Fitting multiple cones to 2D data, how to impose ordering constraint on parameters

I am trying to model data which comes in the form of “two cones”. You can imagine this as two cones of different negative slopes and heights positioned on a x,y grid and at every x,y the observed value is the maximum between two cones + some noise (so kind of like maximum of two mountains over a grid). Everything works good when it is just a single cone but when I tried to do double cones it initially did not work very well. Looking at the posteriors revealed the problem. Since there was no ordering constraint, in some chains the first apex coordinate parameter would sample from the first real apex coordinate and in some other chains from the second real apex.

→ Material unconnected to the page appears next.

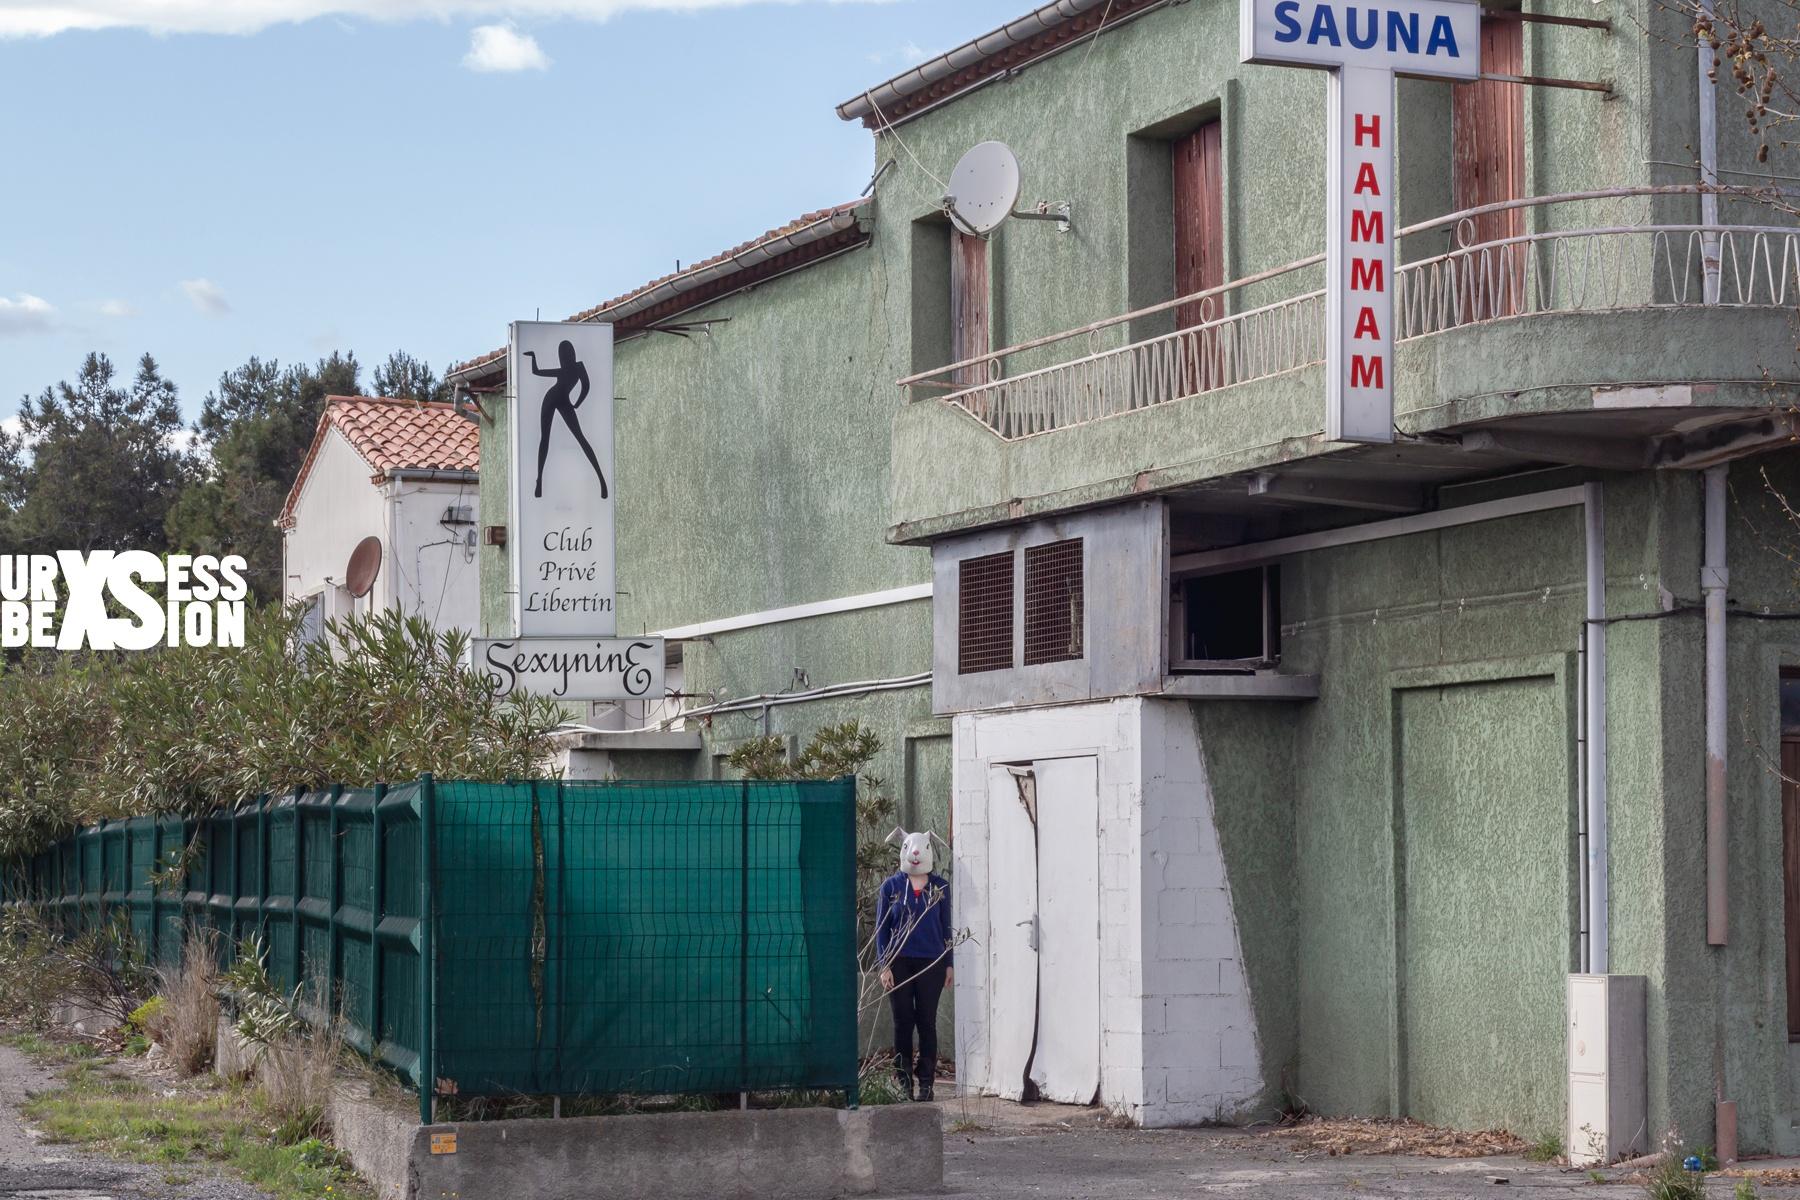 Club échangiste abandonné en France | urbexsession.com/club-echangiste-louis-poirson | Urbex France

So next what I tried to do was to impose an order on the x variables (so basically the x coordinate of the second cone would be first + positive value). In this case now some of the chains sample as expected (ac0 samples the apex coordinate with smaller x etc) and some of the chains are stuck in some possibly local optima where both apex x coordinates are very close to each other. Is there are more efficient way to re-parametrize this model?

In fact the most efficient way seems to be to run the unordered model but then go through each chain and shuffle the parameters so that they agree with each other. However this seems a bit impractical for large number of cones. So I am wondering if there is way to do it more efficiently by better priors?

import pymc as pm
import arviz as az
import numpy as np
import pytensor.tensor as ptt
from scipy.spatial.distance import cdist


def fit_cones(ncones, observed_vals, measurement_coordinates):


  with pm.Model():

    sd = pm.InverseGamma("sd", 2, 6)

    x0 = pm.Uniform("x0", -7, 7, size=(1,))
    offsets = pm.Uniform("offsets", 0, 12, size=(ncones-1,))

    xcoordinates = ptt.concatenate([x0, x0+offsets])
    ycoordinates = pm.Normal("ycoordinates", np.zeros((ncones,)),
                             10, shape=(ncones, ))

    apex_coordinates =\
      pm.Deterministic("apex_coordinates",
                       ptt.concatenate([xcoordinates[:,None],
                                        ycoordinates[:,None]], axis=1))

    heights = pm.Uniform("heights", np.zeros((ncones,)),
                         10*np.ones((ncones,)), shape=(ncones))

    slopes = 0.1 + pm.HalfNormal("slopes", np.ones((ncones,)), shape=(ncones))

    #difference between apex_coordinates and all the measurement_coordinates
    #apex coordinates is ncones x None x ndims
    #measurement coordinates is None x npoints x ndims
    dif_c = apex_coordinates[:,None,:] - measurement_coordinates[None, :, :]

    #distance between apex corodinates and all the measurement_coordinates
    #norm_dif_c is ncones x npoints
    norm_dif_c = pm.math.sqrt(pm.math.sqr(dif_c[:,:,0])
                              + pm.math.sqr(dif_c[:,:,1]))


    fitted_y = heights[:, None] - slopes[:, None]*norm_dif_c

    #fitted_y is npoints
    fitted_y = fitted_y.max(axis=0)

    #observed_vals is nrepeats x npoints
    pm.Normal("likelihood", mu=fitted_y[None,:], sigma=sd, observed=observed_vals)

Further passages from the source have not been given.